Hi, the visualization of decision trees. I thought the method I introduced earlier was amazing. Recently, I found a more amazing and more realistic one
directlyDrawing random forest
No problem
Here is a minimalist primer on the use of pybaobabdt
Install GraphViz
Pybaobabdt relies on GraphViz to download the installation package first
www.graphviz.org/download/
2. Double-click on the MSI file and keep selecting Next (the default installation path is C: Program Files (x86)\Graphviz2.38\). After the installation is complete, a shortcut message will be created in the Windows Start menu.
3, Configure environment variables: computer → Properties → Advanced system Settings → Advanced → Environment variables → System variables →path
4. Verification: In the Windows command line interface, enter dot-version and press Enter. If the version information of Graphviz is displayed as shown below, the installation and configuration is successful.

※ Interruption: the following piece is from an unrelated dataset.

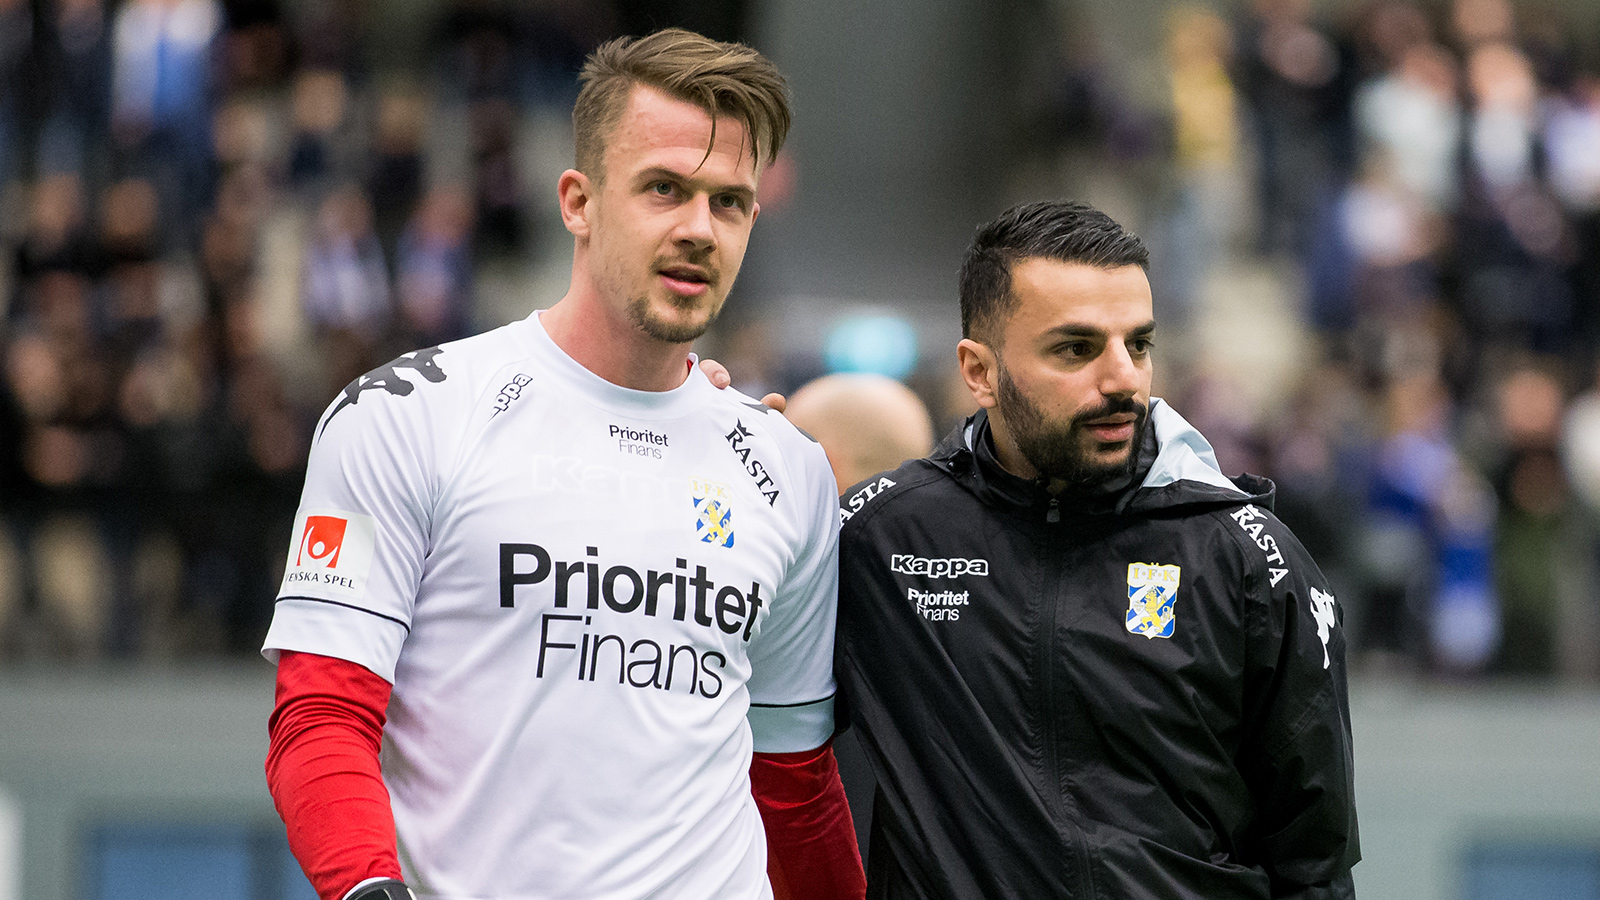 180120 IFK Göteborgs målvakt Erik Dahlin och tränare Poya Asbaghi under en träningsmatch i fotboll mellan IFK Göteborg och Ålborg den 20 januari 2018 i Göteborg.

Install PyGraphviz and PyBaobabdt
PIP install PyGraphviz directly, there is a high probability of error, recommend download WHL file local install.
PIP install Pybaobabdt
Pybaobabdt usage
Pybaobabdt is also ridiculously simple to use. The core command is a single PyBaobabdt. drawTree.
import pybaobabdt
import pandas as pd
from scipy.io import arff
from sklearn.tree import DecisionTreeClassifier
from matplotlib.colors import LinearSegmentedColormap
from matplotlib.colors import ListedColormap
from colour import Color
import matplotlib.pyplot as plt
import numpy as np
data = arff.loadarff('vehicle.arff')
df = pd.DataFrame(data[0])
y = list(df['class'])
features = list(df.columns)
features.remove('class')
X = df.loc[:, features]
clf = DecisionTreeClassifier().fit(X, y)
ax = pybaobabdt.drawTree(clf, size=10, dpi=72, features=features, colormap='Spectral')
Copy the code
How do you look at this picture?
Different colors correspond to different categories (targets), and each fork is marked with splitting conditions, so the division logic is clear at a glance. The depth of the tree is also neatly reflected.
The diameter of the branches is not a decoration, but represents the number of samples (proportion), the more samples under this partition condition, the thicker the trunk.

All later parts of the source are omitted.